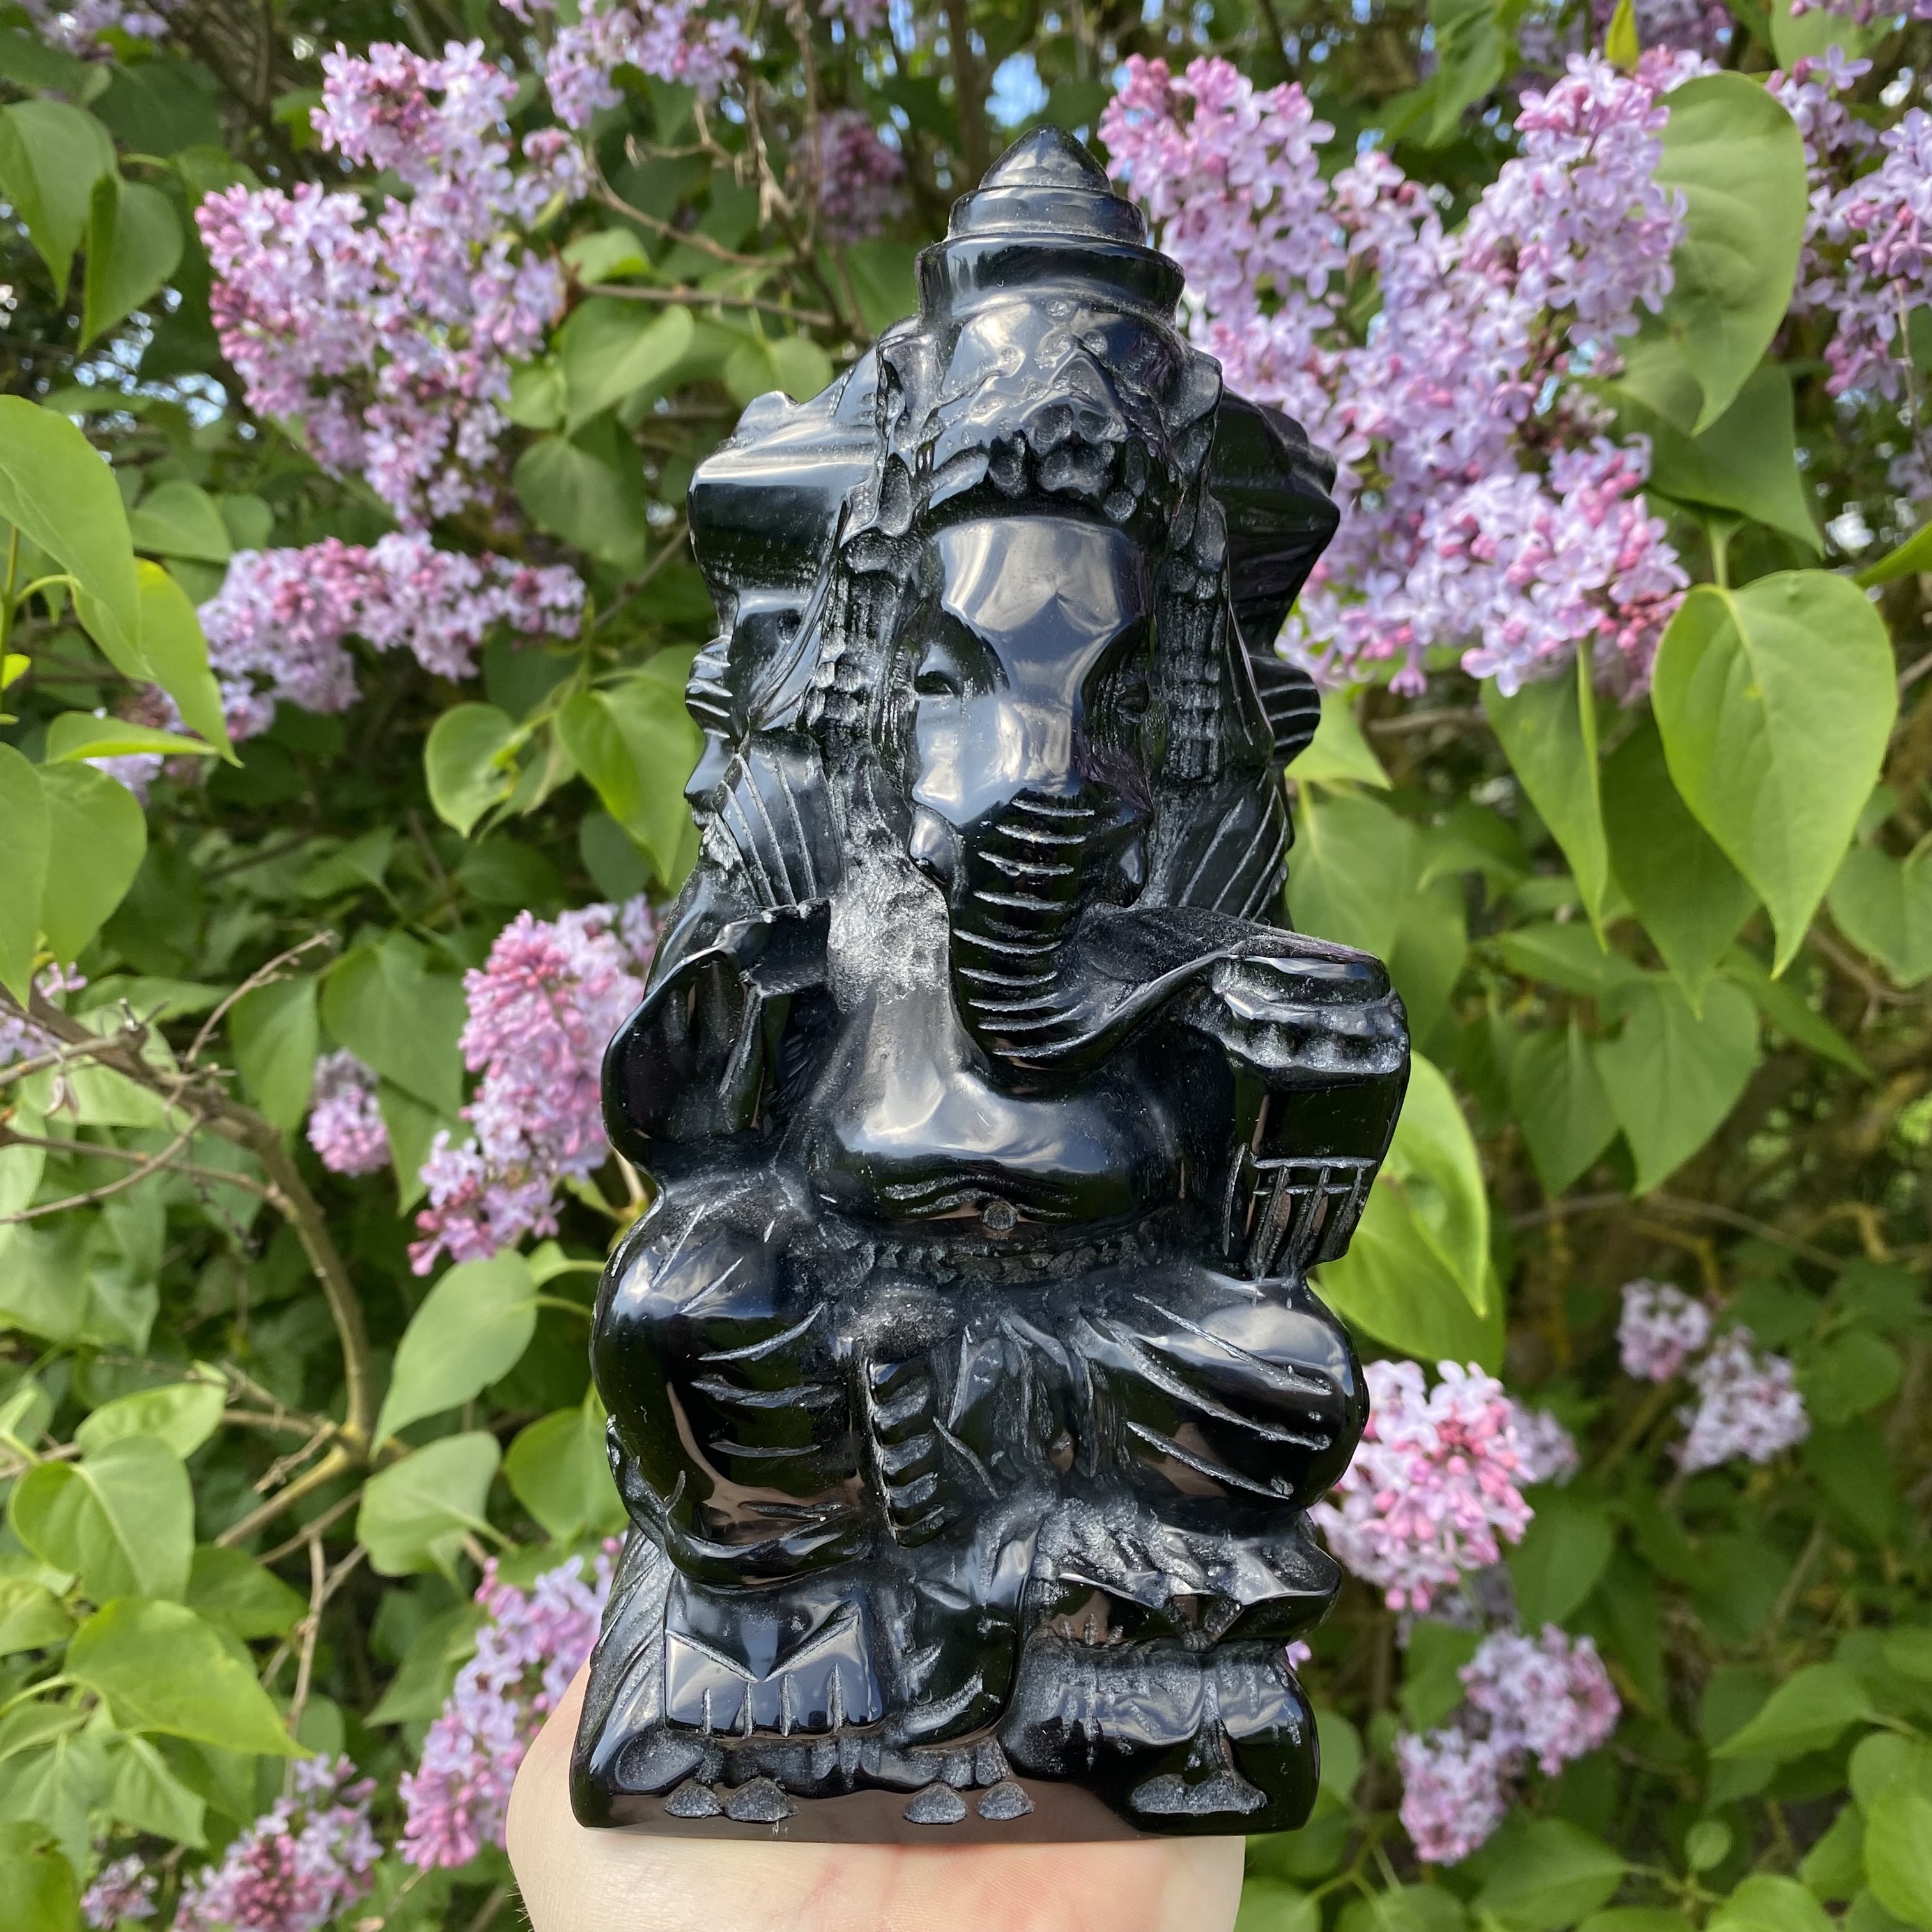 Sort obsidian Ganesh
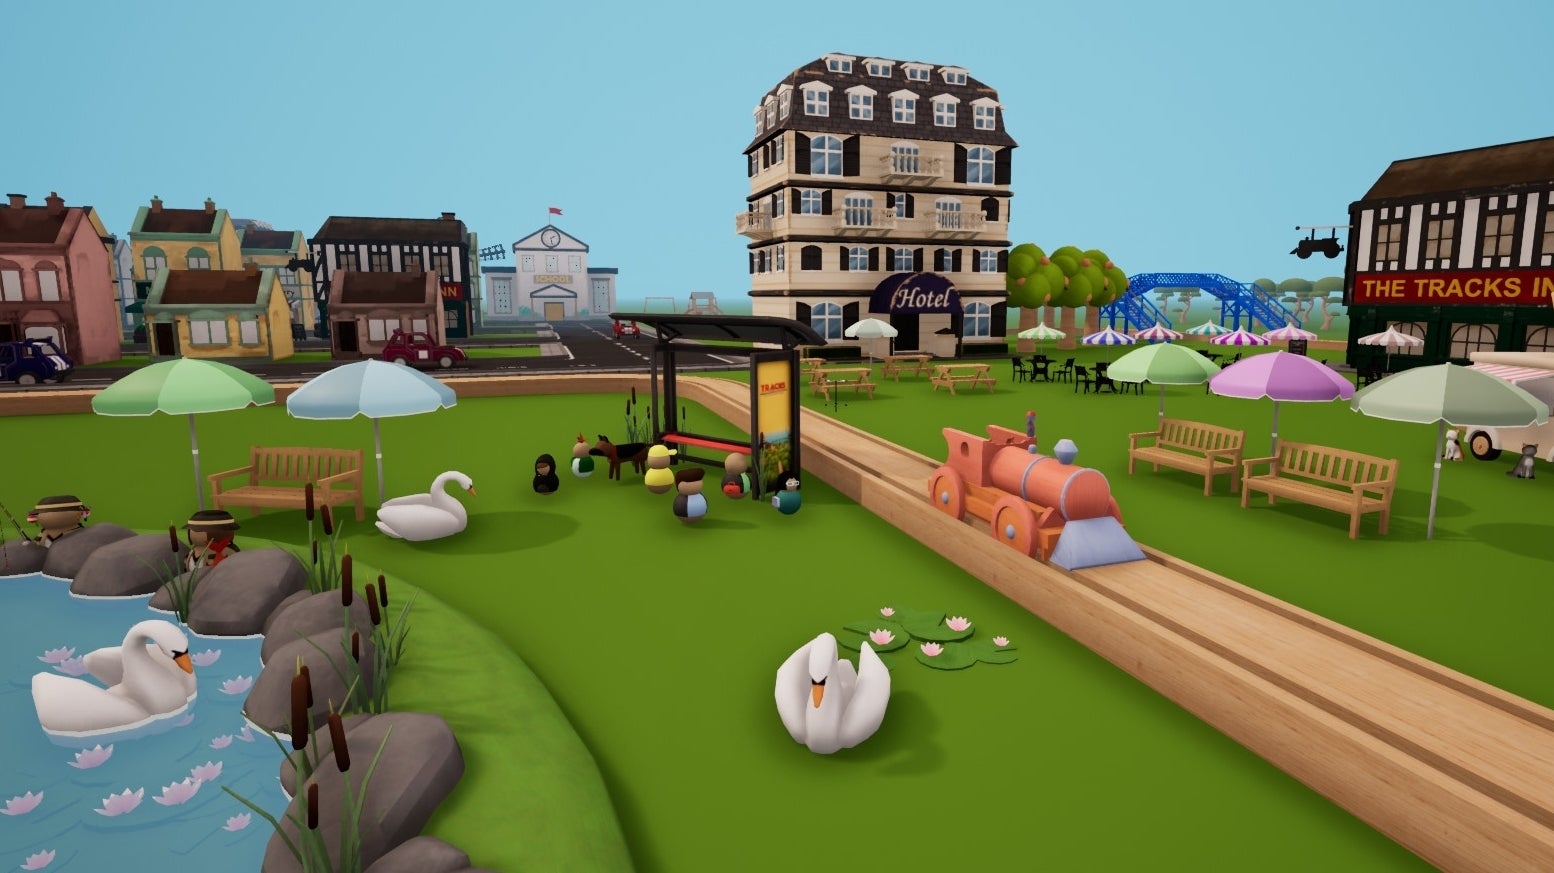 Image for Adorable train set sandbox Tracks gets free suburban-themed expansion
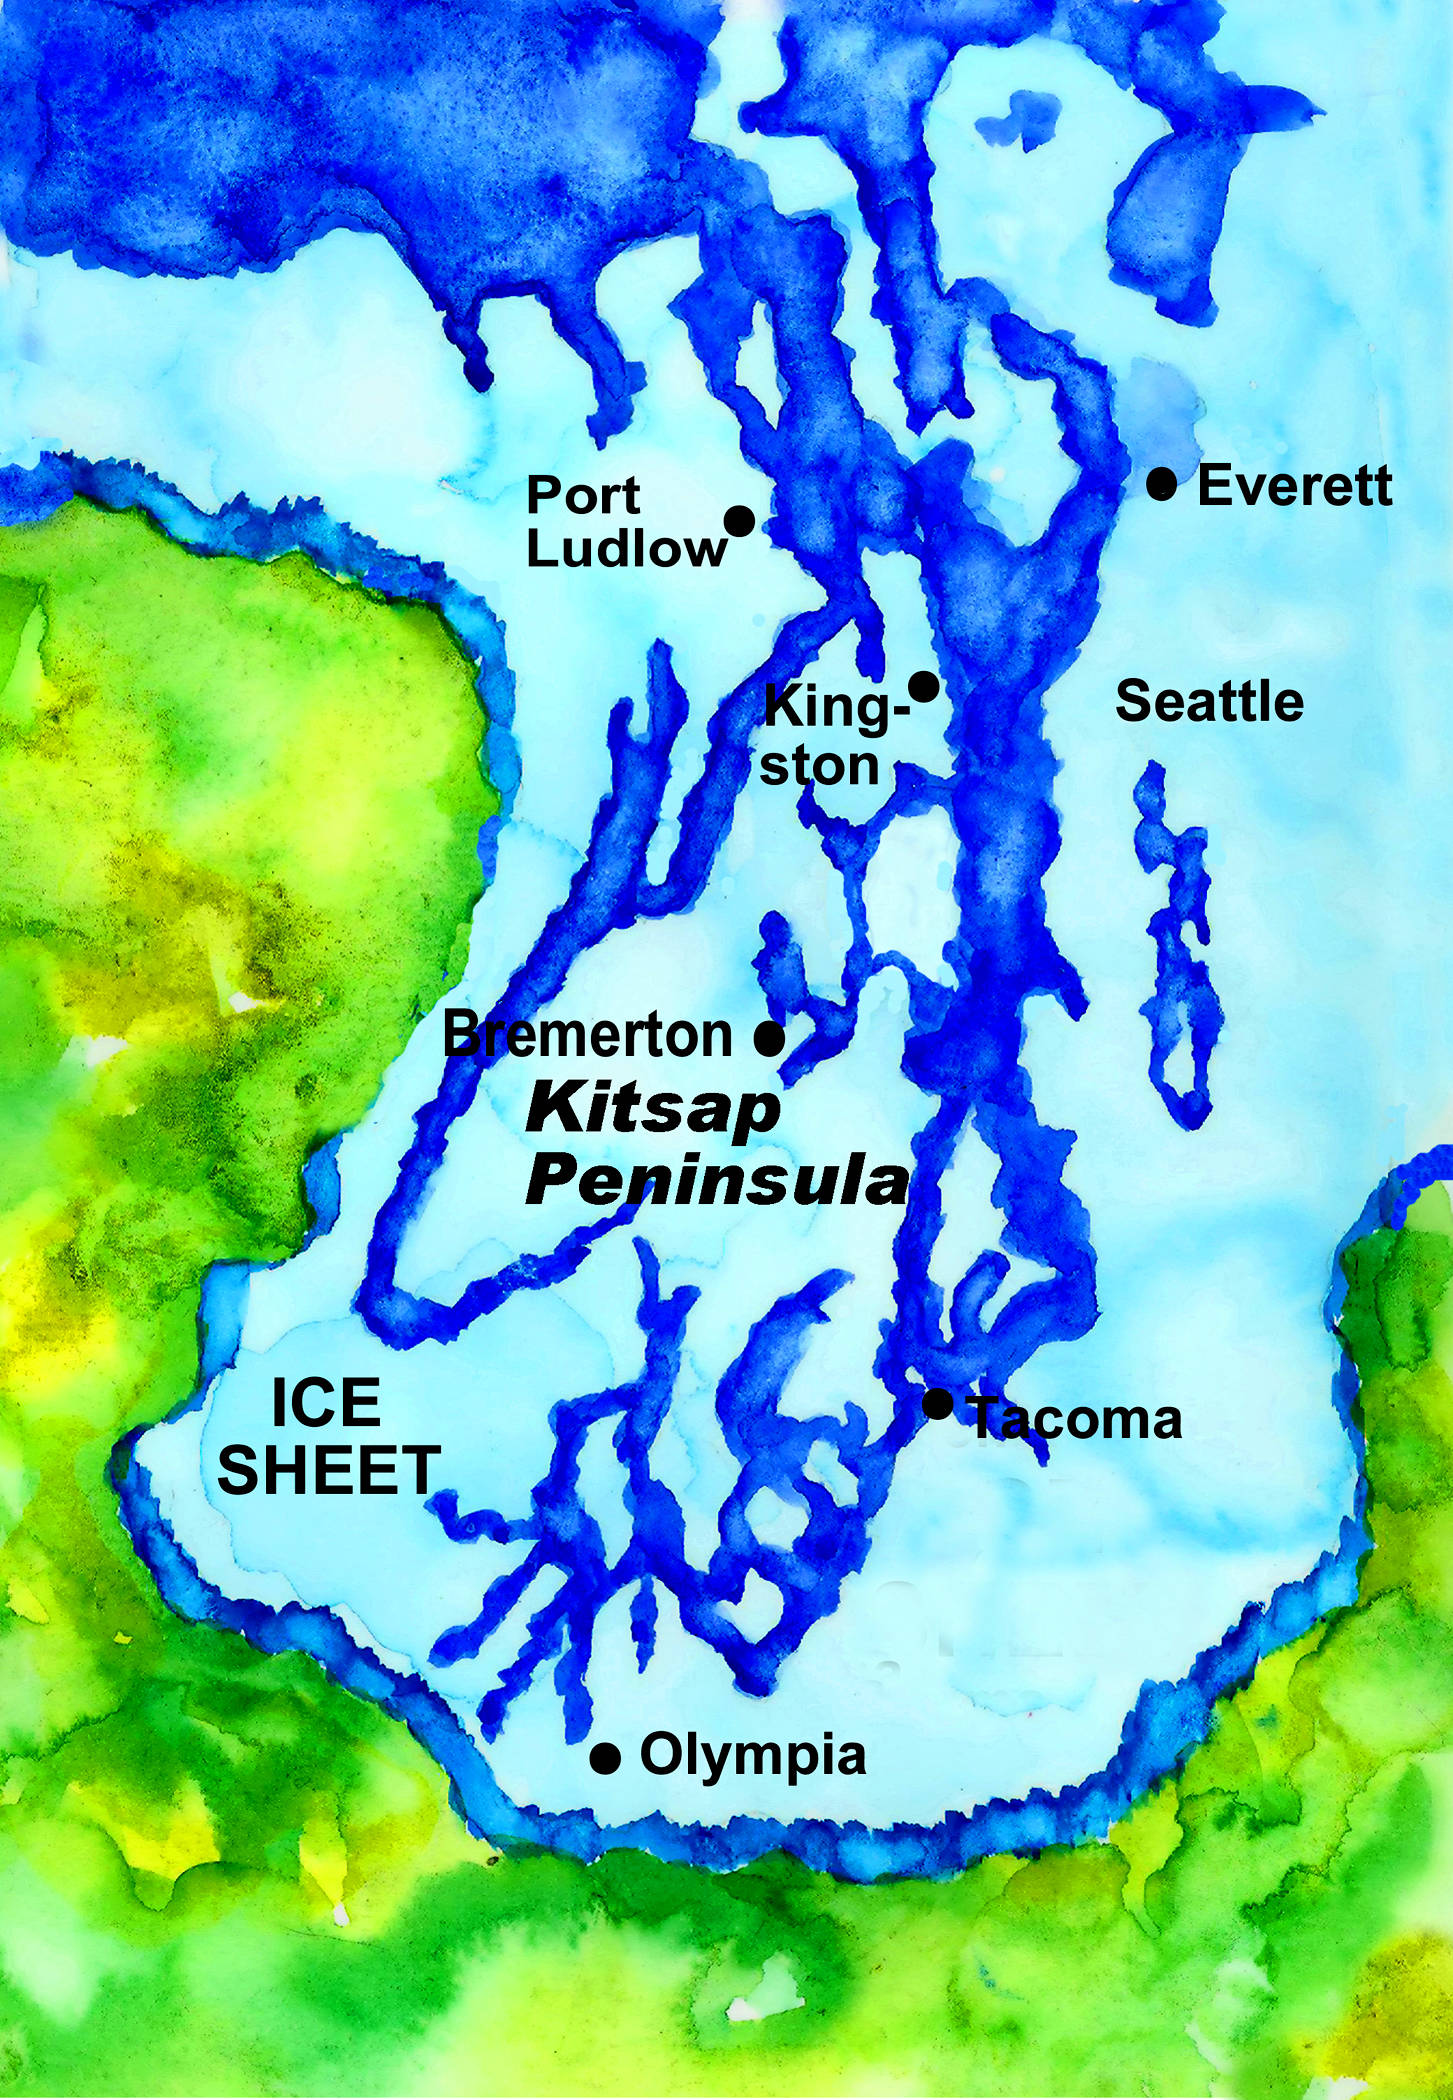 The birth of Puget Sound

▶ **Work instruction**: Return the full listing exactly as it appears above, without its pictures.

▶ **Answer space**:
 Sort obsidian Ganesh
 Image for Adorable train set sandbox Tracks gets free suburban-themed expansion
 The birth of Puget Sound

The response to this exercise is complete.